A few years ago I was chatting to a woman, a radical feminist, who expressed puzzlement at my interest in radical feminism: where had it come from, what had drawn me towards it? I explained that it had felt like its enmities were towards things I myself detested, and that it seemed both a cogent articulation of what was wrong with them, and a powerful line of attack against them. No, there was nothing in it about solidarity with women as such. I could see cosmic injustice in its picture of the world, and wanted to attack that injustice at its root, but I didn’t see this in terms of recognising it as morally incumbent upon me to right a wrong done by Team Men (which would de facto include me) against Team Women. I had, and have, no interest in the moral contortions involved in trying to position oneself as a Feminist Man; no interest in trying to generate a plausible altruistic motive for undermining my own self-interest as a beneficiary of unequal distributions of prestige, agency, impunity and material reward. I just wanted the world I had to live in to be less fucking stupid.

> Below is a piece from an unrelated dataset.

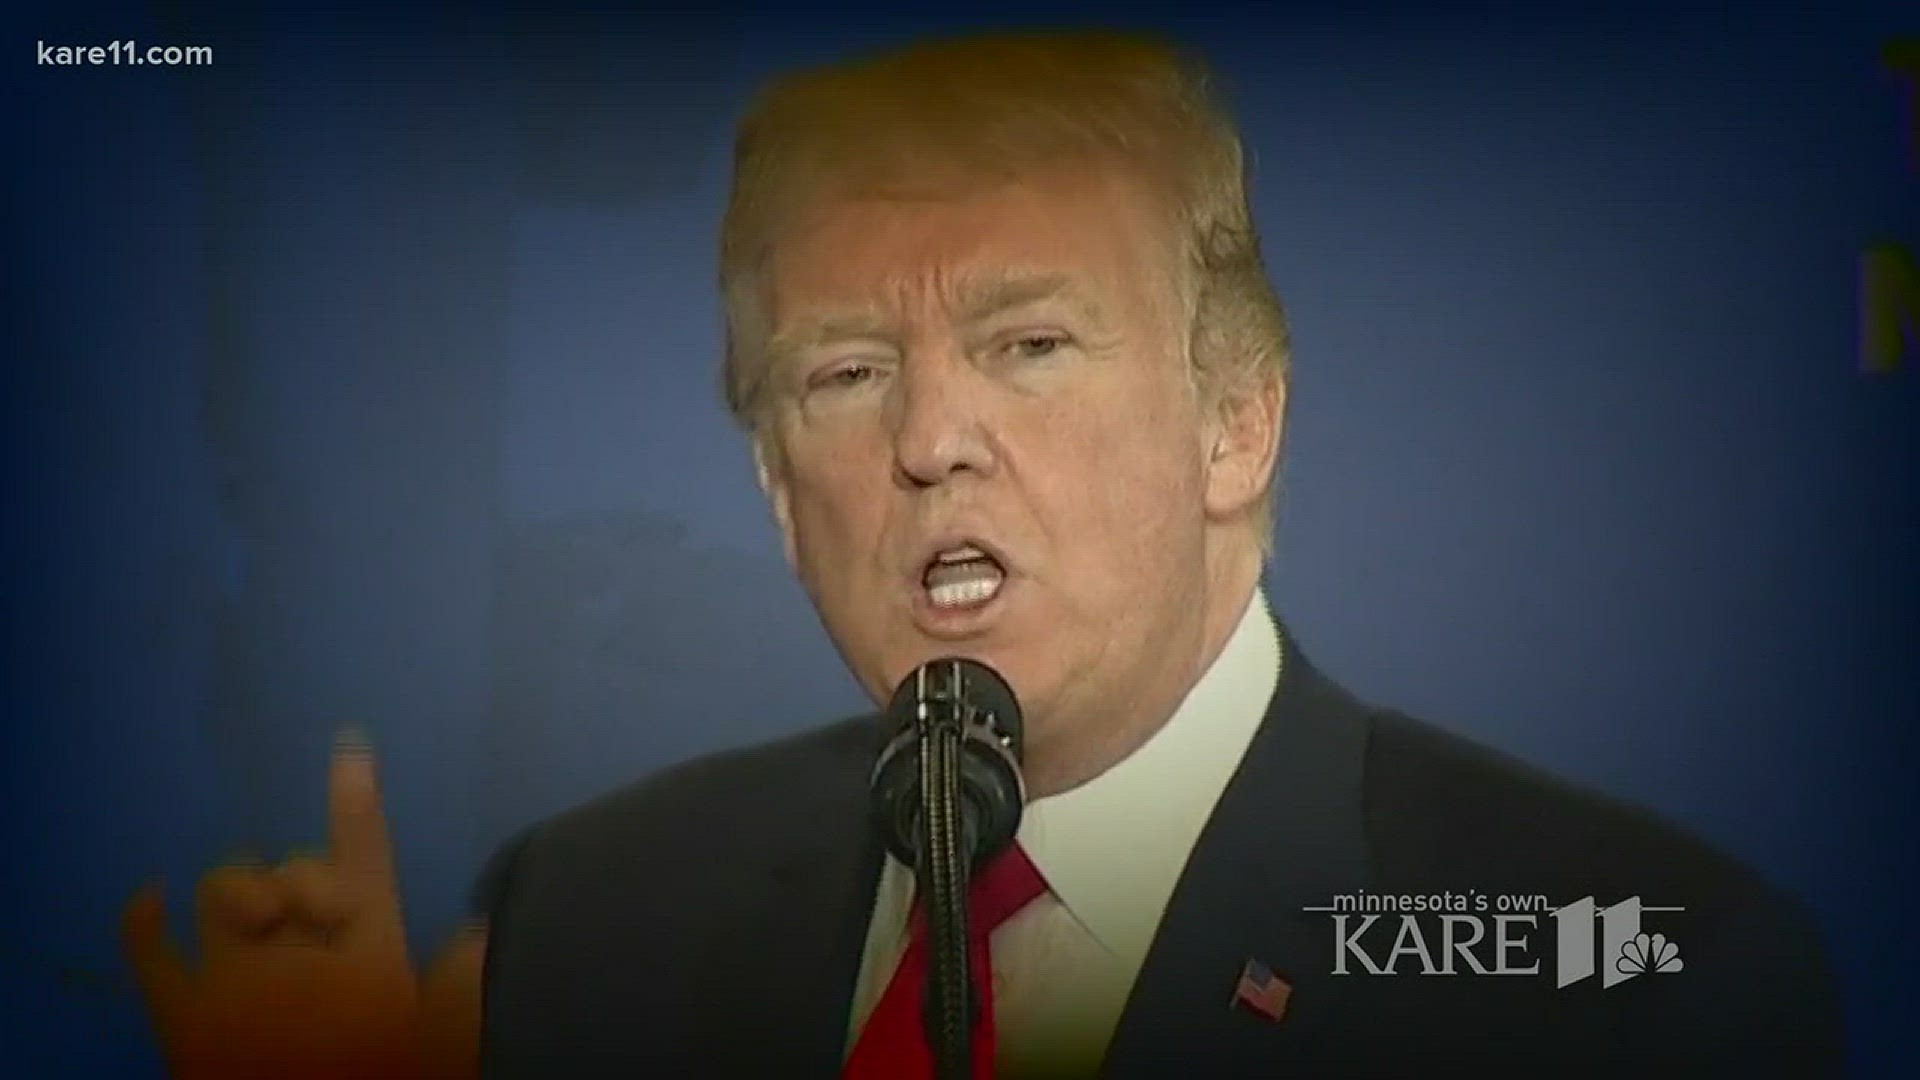 Trump has mused openly in recent weeks about subjecting drug dealers to the 'ultimate penalty.' http://kare11.tv/2FM3Zhh

This is still basically my position, although I’ve soured a little on radical feminism as both descriptive and prescriptive framework. I recognise its situational genius and can still thrill to its ferocity, but I think it’s metaphysically overreaching: no, sex isn’t the primary contradiction either in present society or in the historical development of previous societies. It isn’t the foundational template for racism, the original sin behind imperalist belligerence and colonial exploitation, the ur-enslavement and ur-dehumanisation from which all others take their cue. More than that, I’ve realised that I had a basically skewed understanding of what was actually oppressive about patriarchal gendercraft, because I was looking at it from an autistic perspective as consisting as a panoply of impositions that I, as an autistic person, would specifically hate and resent. The more autistic the feminist, the better I understood where they were coming from. How dreadful to have to think, at all, ever, about one’s appearance! How intolerable to be constituted as a sexual being by others’ desire! When M. Remi Yergeau coined “compulsory neurotypical sociality” as a variation on “compulsory heterosexuality” I realised that I’d always understood the latter through the lens of the former.
This left me ill-equipped to consider how patriarchal gendercraft succeeded at least in part by making an offer to allistic women that many found, and apparently still find, rather seductive. Did you know it can be fun and validating to be constituted as a sexual being by others’ desire? It has some unwanted liabilities, and can be a vector for grossly disempowering or violent ill-treatment, but it isn’t in itself as axiomatically and universally odious as I’d imagined it must be. The world of social media is literally full of women throwing themselves at the camera, demanding to be constituted as sexual beings by others’ desire. OK, they’re often also after money. But they’re playing to their strengths in ways that simply didn’t make sense to me in early adulthood, because I had no internal model whatsoever for what it might feel like for that to be an ordinary way of seeking and expressing status, of trying to be something one wanted to be and get something one wanted to get. I’d see women engaged in these pursuits and think, no, you’re making a mistake. We should be trying to obliterate the entire system of status valuations you’re trying to game your way though. Please, stop investing time and energy in that system of status valuations. I don’t like it, and I want it to go away.
Here we are in 2025, and the feminism of autigender weirdoes working out their discontents with compulsory neurotypical gender-doing by plotting apocalypses has largely crashed and burned, or morphed with horrible historical irony into the hideous normie rampage of gendercrit. And I’m left with the realisation that I got into feminism for mostly the wrong reasons — as a special interest, really, as well as a way to grind my own axes against what patriarchal gendercraft had told me I was supposed to want and be. It seems a forlorn resentment at this point. Projects for the re-moralisation of manhood abound. The world continues to be fucking stupid with unabated creative enthusiasm. It’s not a winnable fight. Meanwhile, the material politics of sexual oppression are still about sexual violence, femicide, reproductive autonomy, the right to access education, the immurement of human beings in structures designed to fetter, dissipate and misdirect agency. Radical feminism gave me a way to “care” in a big sweeping handwavey way about all of these things, while in reality mostly being preoccupied with the big dumb spectacle of ideological reproduction through which patriarchal gendercraft does its big dumb business. I’ll never not be a hater, but it’s the wrong focus.